If you're running a country store, you're probably not getting carded either at the liquor store or when seeking a senior citizen discount at the cafeteria. You probably own the property on which your store has sat for several generations. You inherited it all from your daddy, but the children to whom you want to leave all this have no clue. They just got back from a tattoo trip to Savannah. Your granddaughter has a boy friend from another planet and your grandson's having his nasal hair transplanted after he mistook Magic Shaving Powder for cocaine. By and large you wonder how this world could be so stupid and still breathe on its own.

If you're running a true country store, you're probably not having to dig new holes in which to hide your earnings. Because you live frugally and you own the place and you have few if any employees, you can survive. You may even prosper a bit, but it has long since ceased to be the money which gets you down to the store each morning. It's a way of life, an excuse to grumble, a place to hang your hat. This is what you do, it is who and what you are. You have served customers and made friends one at a time. When they gather around the fresh dirt and someone reads over you, they are also pulling the sheet on a kinder way of life that is ebbing from this gritty world.

The smell of the country store is not chemically defined nor is it from a single element on any shelf. It is an admixture of so many little things which live in the atmosphere of such places. As we roll down the long roads we like to stop and smell the country stores.

7 Comments:

Anonymous Lucia Walinchus said...

Hi. I'm sorry this is a bit unprofessional, but I couldn't find your e-mail. My name is Lucia Walinchus, and I'm a Journalist working for The Post and Courier. I'm doing a story on blogging, and I was wondering if I could interview you. Please call (937-5921) or email (lwalinchus@postandcourier.com) so we can set up a time to chat. Thanks.

5:04 PM  
Blogger Mr. South Carolina said...

This is a very interesting site. I think it's very unique the way you have worked in the 'stang.

2:53 PM  
Blogger Windviel said...

Many thanks. We enjoy this very much, but have you noticed that the 'Stang never seems to work US into the pictures?

12:10 AM  
Anonymous Anonymous said...

OK, I'm commenting under false pretenses. I don't really have a comment on your post. Rather, just pouting because there is nothing new today. I have absolutely no right to do so however. I like the concept of starting a blog but truly don't think I could ever come up with anything anyone else would want to read. You however do an excellent job. I look every day to see if you have a new post. Do you think this makes me a Groupie?

3:55 PM  
Blogger Windviel said...

Groupie? No, but, flattering reader, yes and the comments from whom we greatly appreciate. Also, it's too small a car in which to entertain such favors as an actual groupie might grant.

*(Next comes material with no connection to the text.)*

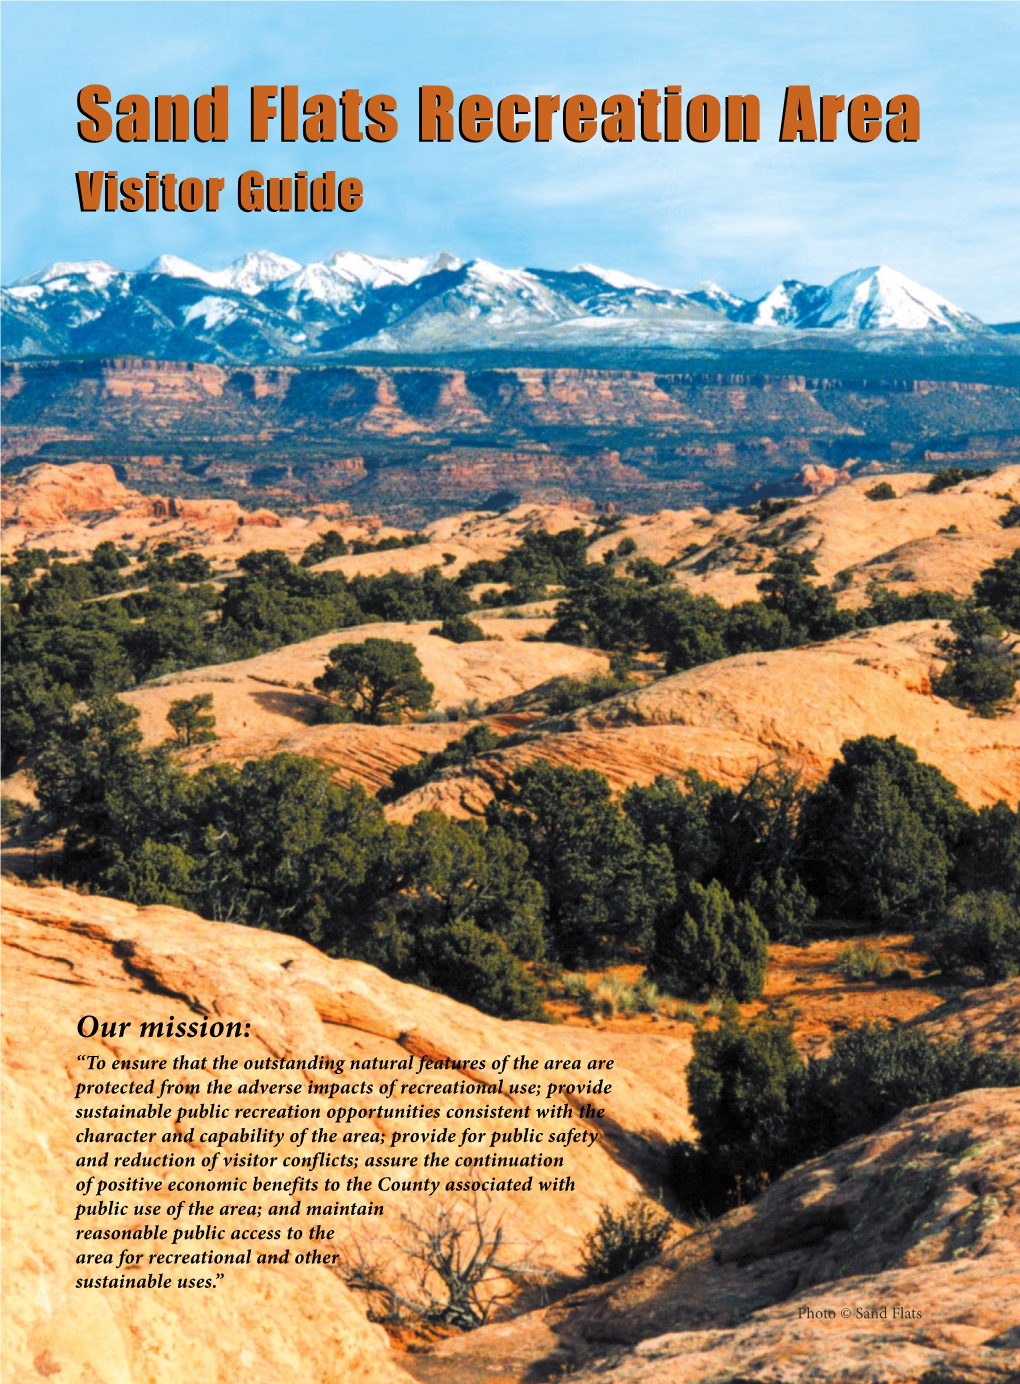 Sand Flats Recreation Area Visitor Guide

It is encouraging to hear that someone follows the blog and anticipates future postings.

As to what you may have to offer should you launch a blog, only by making the attempt will you know. The dismal accounts of mundane daily life are plentiful. It could be helpful to read a great variety of them and learn what NOT to do. Pictures are quite an asset and projecting a good nature seems to encourage readership. We poke some fun at those who can take or richly deserve it, but it is never our wish to hurt feelings or to be unkind.

Thanks again for the kind words.

5:04 PM  
Blogger Sunnie (Kaytee) said...

This particular post makes me long for the days when my Papa (grandfather) was alive and we used to sit around listening to Hank Williams. (I was 4.) A few years before he passed away, I would drive to Tennessee with my oldest and visit him every summer. The town, if you can call it that, was so small it had one stop light...and that was more of a flashing yellow light one way, and flashing red light the other. While I'm still young, I value the importance of family traditions. I love country stores and prefer them to most convenience stores.
I enjoyed this post and look forward to more of your posts.

10:34 PM  
Blogger Windviel said...

Such small independent country stores are fast disappearing as are the communities in which they are located. In this case, it is Berkeley County which is growing rapidly in the direction of this little store. There isn't much that we can do beyond showing readers what is left, what is about to fall to development.

Thank you for sharing your thoughts.